近来稀な多忙の日々
30日からずっと都内ロケが続き、その合間に「裸にしたい男」の編集試写が断続的に行われた。土日も仕事という慌ただしさが続いた。おまけに都内ロケは現地到着8時半ということで家を出るのが7時過ぎ。起きるのが、毎朝6時という日が続いた。矢切の渡しや帝釈天、向島百花園、深川、舎人と野外のロケで少し日に焼けた。ロケバス移動でおおいに揺られて、いささか体もまいった。昨日の朝、洗面しながら鏡を見ると、顔がしなびていた。瞼に縮緬じわが幾筋も出来、おとがいあたりがげっそり落ちた気がする。
体力的にはきつかったものの、ロケ自体は楽しく、初めて訪れる下町の景色や風情を堪能することができた。
なかでも矢切は土曜日の大風が吹いた日に渡し船に乗った。風速10メートルを超える突風が吹き荒れていたので、安全管理上、出演者、スタッフといっしょに船に乗った。川幅は30メートルはあるだろうか、千葉県側から都内に向かって船を出した。白波がたっていたが、船は思ったほど揺れなかった。船上、番組キャスターの押切もえさんが、船の舳先に座ってリポートを敢行。カメラマンは体を船底にしっかり据えながら、美しいもえさんの姿を切り取る。彼女の背中にくっきりとスカイツリーが浮かび上がって居た。見かけの細い体に似合わず、もえさんは豪胆でおきゃん。春の大風で揺れる渡し船を楽しみ、舎人の神社の境内では小学生男子を相手にサッカーボールを蹴飛ばしていた。

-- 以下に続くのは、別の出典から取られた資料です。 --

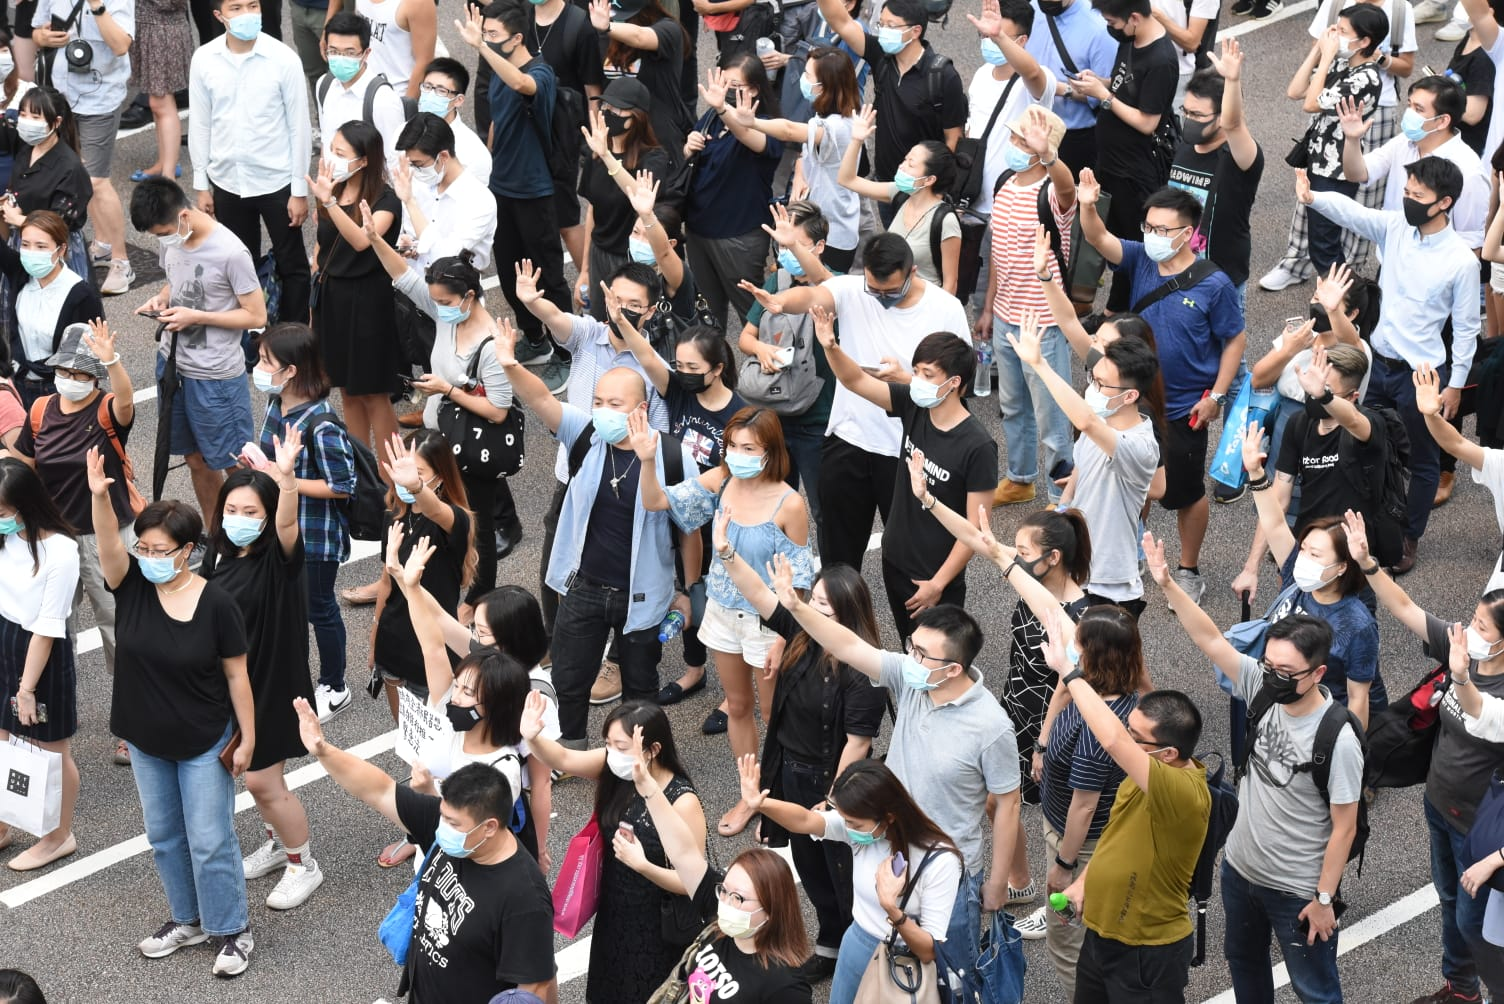 中環示威者堵塞馬路

心に残ったのが向島百花園。園内はちょうど春到来したところで、かたくりの可憐な花を見ることが出来た。日曜日とあって、朝早くから年配の観客が押し寄せていた。幾組か、句会の集まりを見かけ、久しぶりに句心を刺激された。今、撮影しているのはスカイツリーオープンに合わせての特番だが、テキストは40年前に書かれた石田波郷の「江東歳時記」。いきおい、俳句の生まれたえにしをたどることになる。願ってもない「旅」であった。

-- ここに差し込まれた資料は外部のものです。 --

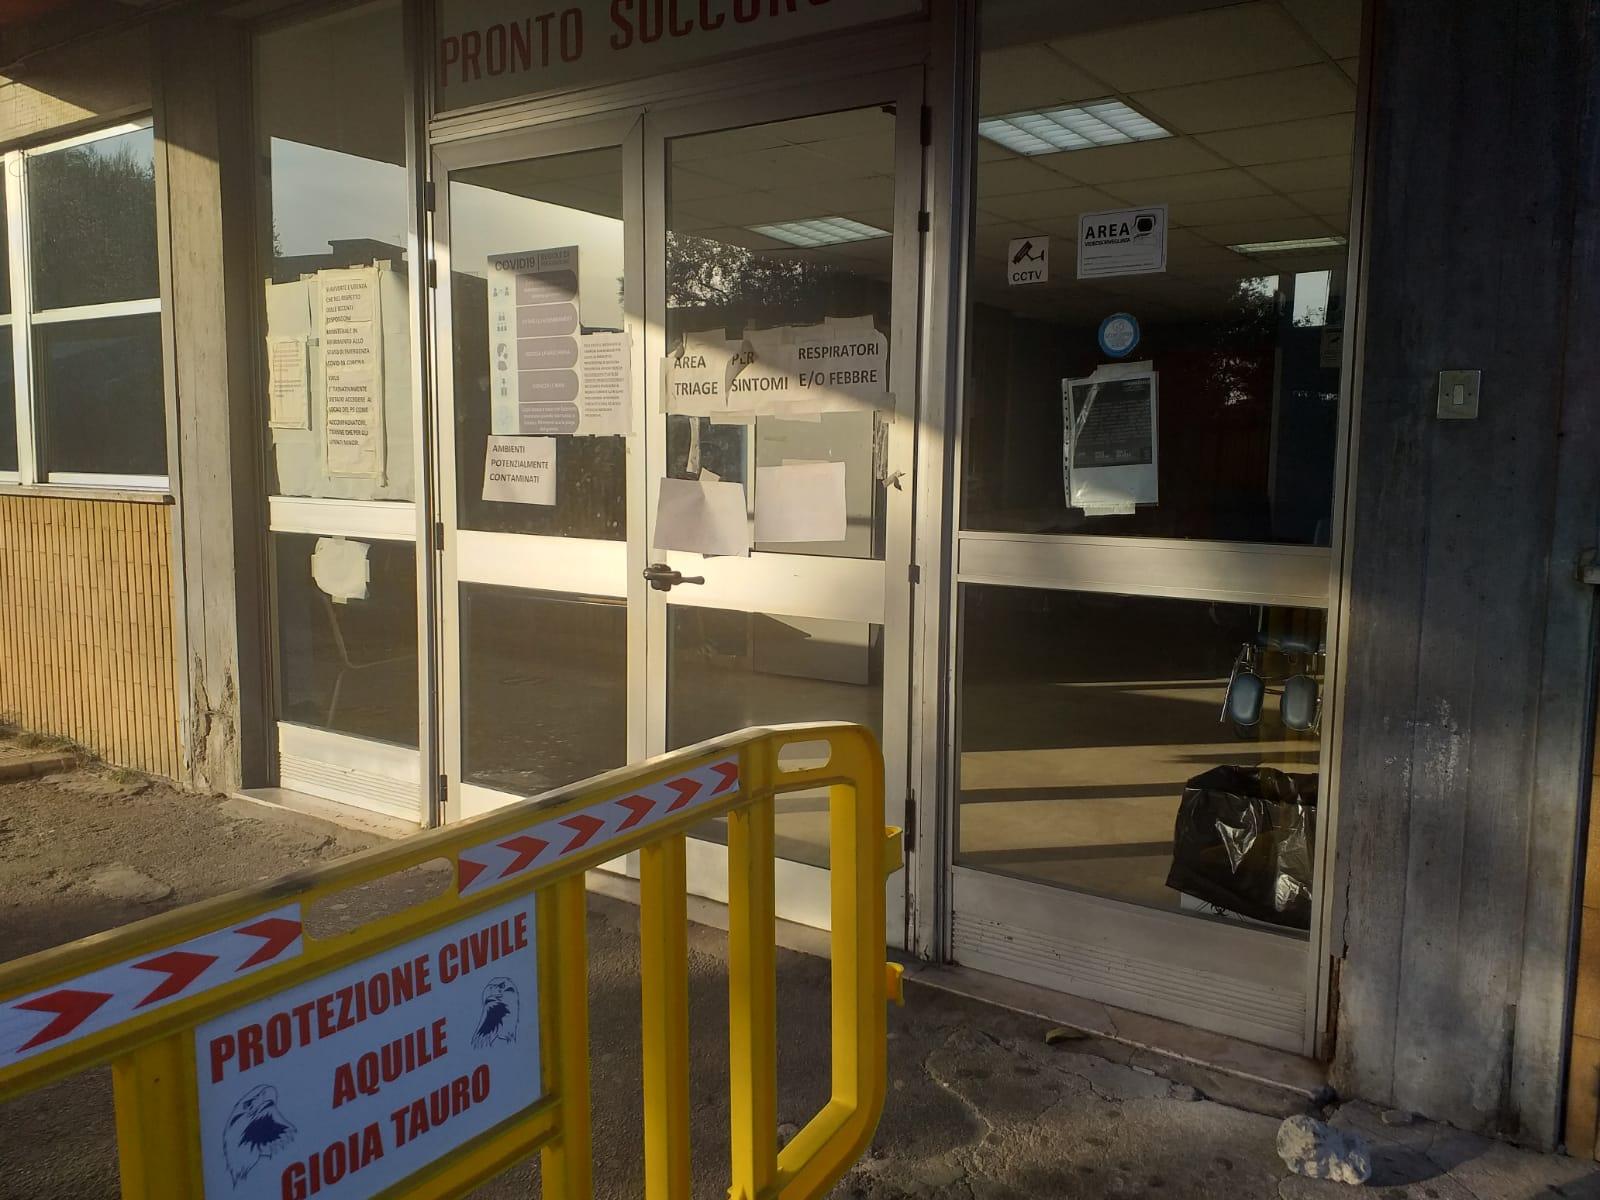 Coronavirus a Sinopoli, un caso positivo e 25 persone in quarantena

この多忙を縫うように、日曜の夜には銀座で高名な評論家ご一行と会って新しい企画の相談もした。銀座みゆき通りのオープンカフェで待ち合わせをしたのだが、時間を間違えた。4時間空いたので、有楽町の映画館で話題のサッチャー伝を見る。メリル・ストリープの演技が話題になっているせいか、館内は満員。期待したが、おおいに外れた。
昨夜は赤坂で試写。仕上げまであと4日と迫り、チェックも厳しくなる。議論が3時間以上続いた。終わって、局プロデューサーのKさんと居酒屋で楽しく飲んだ。番組作りが好きなKさんとは気があう。とにかく一生懸命番組本位で考える人は気持ちがいい。50代に入ったばかりのKさんは今脂がのっている。番組イメージがふつふつと湧いているのが傍からもよく見える。10年前は、オレもそうだったなあと半分うらやましい。残り半分は、あんな「激務」を続けていたから倒れることになったから、もういちどくりかえしたいとは思わないというツラミ。ふたつ好いことはないもの、と河合隼雄さんに教えていただいた言葉を思い出す。
かくして多忙の日々を過ごして、今朝起きると、目やにがいっぱいたまっていた。気は張っているが、体は相当疲れていると自覚する。でも仕事が出来ることは有り難い。